I live and work in an atmosphère where consumerism is intensive, where Buy More is our daily motivation, and where there are so few reminders of the fact that clothing manufacturing is one of the most harmful sources to the environment. Fast fashion is the response to the constant need of buying and renewing. Sustainable fashion is the idea of taking more responsibility for sustainability, and looking at the ecological issues caused by the fashion industry and its impact on the environment.
We cannot change what happens in the whole world, but we can change how we live and what we personally do, by changing our own lifestyles to help our environment. Today, it is easier to think with an ecological mindset thanks to all the people who use their social platforms to discuss issues of sustainability in fashion, posting reminders about the plastic problem, about our oceans.
It takes a lot of courage to became a person of influence by communicating the notion of buying less and living more minimally, but if you also have the desire to live a more sustainable lifestyle, here is some great information to get you started.

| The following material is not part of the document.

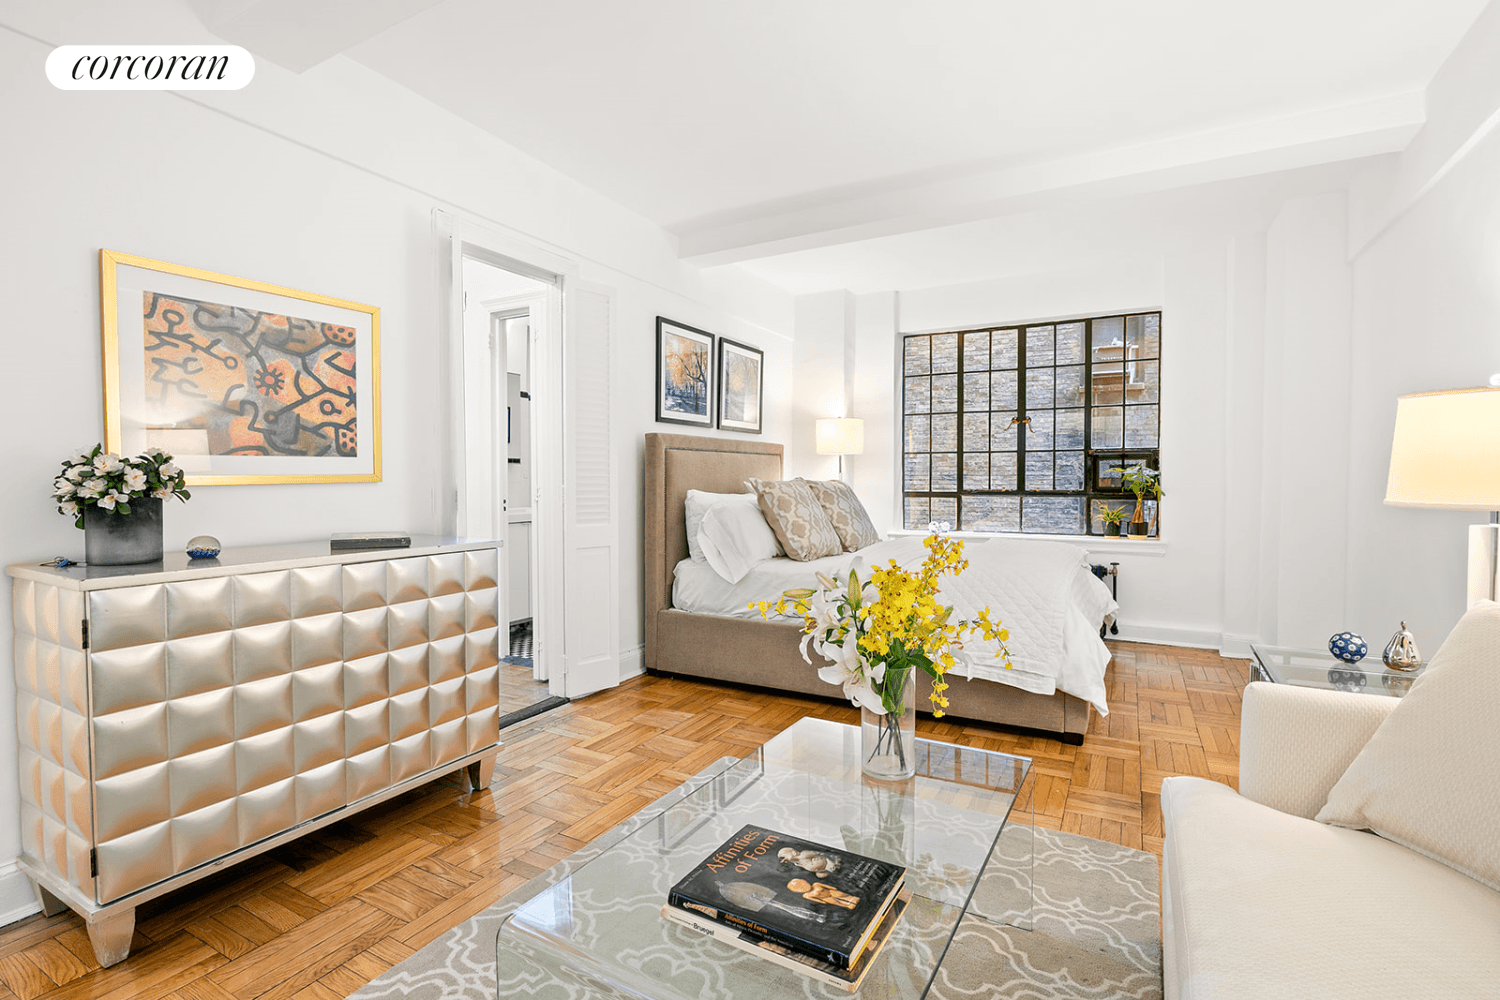 NEW TO MARKET STUDIO SEPARATE ENTRY FOYER SEPARATE DRESSING AREA HIGH BEAMED CEILINGS CASEMENT WINDOWS PARQUET FLOORS140 East 40th Street 6J is a bright and airy Pre War Art Deco ...

“So what can we do as consumers?
Amy Powney, Creative Director, Mother of Pearl: “I wish it was as simple as saying, ‘shop here’ or ‘stop doing this’, in order to be more sustainable, but it’s much more complicated than that. For consumers, I think the number one message I could give anybody in terms of how to be a more sustainable shopper is to buy less cheap and more quality. Go back to that old-school way of thinking of an investment purchase, things that you’ll keep for a really long time and treasure and wear over and over.” —Vogue Australia
“If you want to support a small sustainable designer, buy a piece because you love their work and vision. Just don’t expect it to change the world”, says Linda Greer, a scientist at the Natural Resources Defense Council.
“Why should a brand listen to you if you tell them, “I’ve never shopped here and never will?” It’s more powerful to tweet or email the company and say “I will buy from you again if you take steps to fix this.” Then you’re dangling a carrot for change right in front of them.” —Refinery29
Says Marie-Claire Daveu, chief sustainability officer at Kering: “If we really want to improve our business model, we need to trace our supply chain right back to the raw materials. For example, many of our brands – from Bottega Veneta to Saint Laurent – work with leather, so we developed a metal-free tanning process which is more environmentally friendly as it reduces pollution as well as water and energy consumption. If our aim is to protect the planet and we only look within our own operations, we aren’t doing our job – the whole supply chain has to be taken into account.” —British Vogue
In producing just one pair of jeans, around 2,000 gallons of water are consumed. To achieve the perfect wash, at least 50 tons of synthetic indigo dye goes into our oceans, rivers, lakes and other bodies of water. [Forbes]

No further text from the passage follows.